Practical Governance for Enterprise AI

· SCT-006Medium effortAgent-relevant

Self-Hosted Open-Weight AI Model Governance

Establish an intake policy and governance controls for AI model weights downloaded from public repositories and deployed in the organization's own infrastructure, addressing integrity verification, license compliance, safety evaluation before deployment, and ongoing update management distinct from vendor-hosted AI procurement.

Objective

Prevent unvetted, unsafe, or license-non-compliant AI model weights from being deployed in organizational infrastructure, by requiring intake assessment, weight integrity verification, safety evaluation, and documented approval before any open-weight model is used in production.

Maturity Levels

1

Initial

Developers download and deploy open-weight AI models without a formal intake process. There is no central visibility into which open-weight models are running in organizational infrastructure, no integrity verification, and no safety evaluation before deployment.

2

Developing

Engineering or security teams are aware of open-weight model governance requirements and may conduct ad hoc reviews for high-profile deployments, but there is no standardized intake process, license tracking, or safety evaluation framework for this model category.

3

Defined

An open-weight model intake policy defines: required sources and verification steps for model weights (hash verification, source authentication), license review and classification for each model, safety evaluation requirements before production deployment, and an intake record in the AI inventory. All open-weight models used in production must complete the intake process.

4

Managed

The organization maintains an inventory of all open-weight models in use with version tracking and license documentation. Update management is defined: when a new model version is released, a defined process determines whether to update (re-evaluating safety and license) or stay on the current version. Security monitoring for vulnerabilities in deployed model infrastructure is in place.

5

Optimizing

Open-weight model governance is integrated into the software supply chain security program. Model card review and community safety research are systematically incorporated into intake evaluation. The organization participates in model safety research sharing for open-weight models it deploys. License compliance is audited annually.

Evidence Requirements

What an auditor or assessor would expect to see for this control.

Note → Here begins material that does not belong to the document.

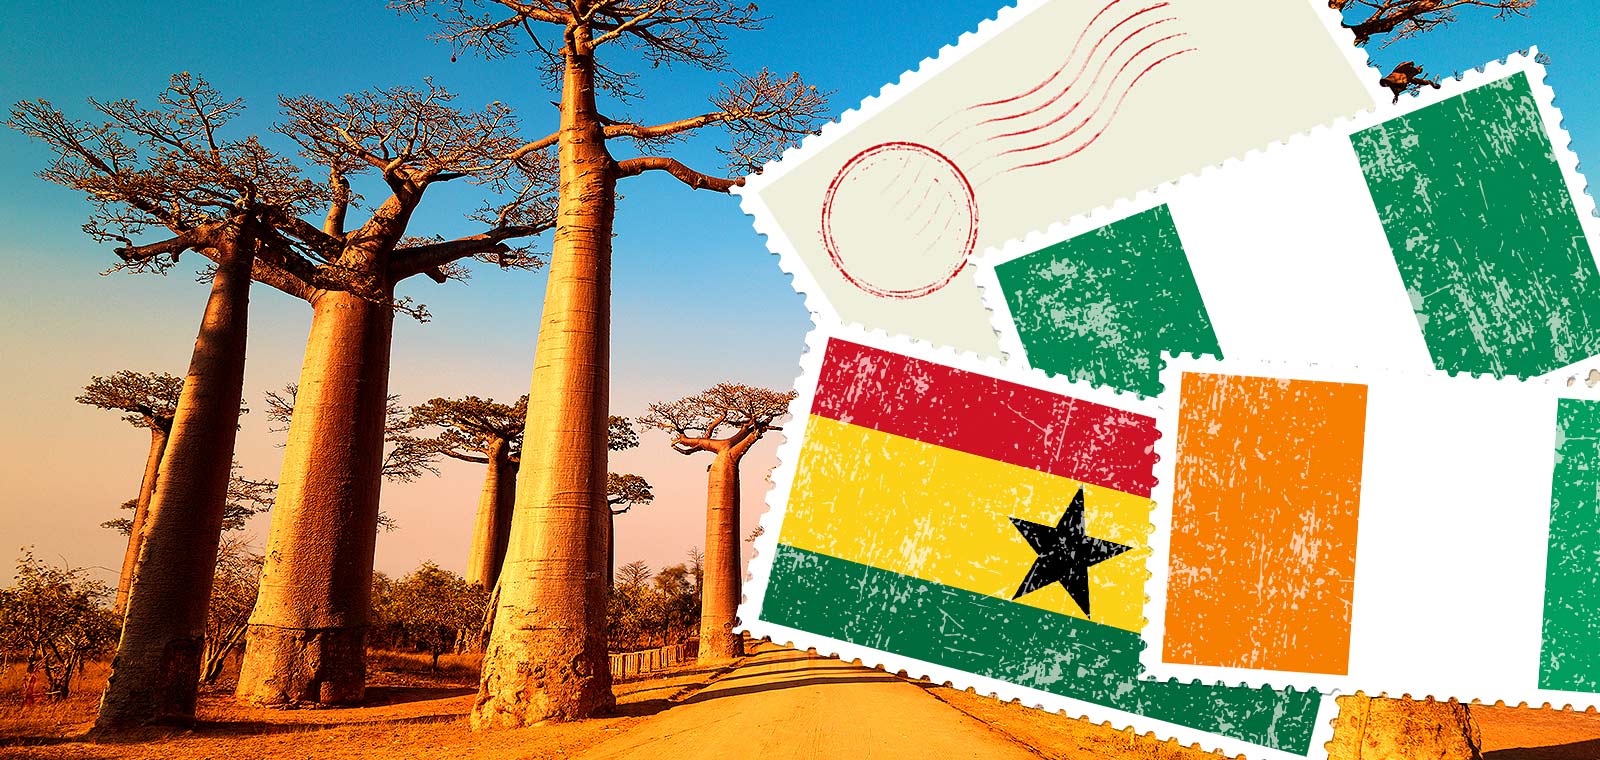 Postcard from… West Africa

  • Open-weight model intake policy defining source verification, license review, safety evaluation, and approval requirements.
  • AI inventory records for all open-weight models in production use, including version, source, hash verification record, license classification, and safety evaluation status.
  • License review documentation for each open-weight model in use, with legal counsel review for models with non-standard license terms.
  • Safety evaluation records for open-weight models deployed in production, including evaluation methodology and any mitigations applied.
  • Update management log showing decisions made when new versions of deployed open-weight models were released.

Implementation Notes

Why open-weight models need their own governance controls

Organizations that deploy open-weight AI models — model weights available for download from Hugging Face, model provider repositories, or community sources — face a governance challenge distinct from vendor-hosted AI procurement. The vendor-hosted AI procurement controls (PRC domain) are designed for a procurement relationship: there is a vendor, a contract, a service level, and ongoing communication about changes.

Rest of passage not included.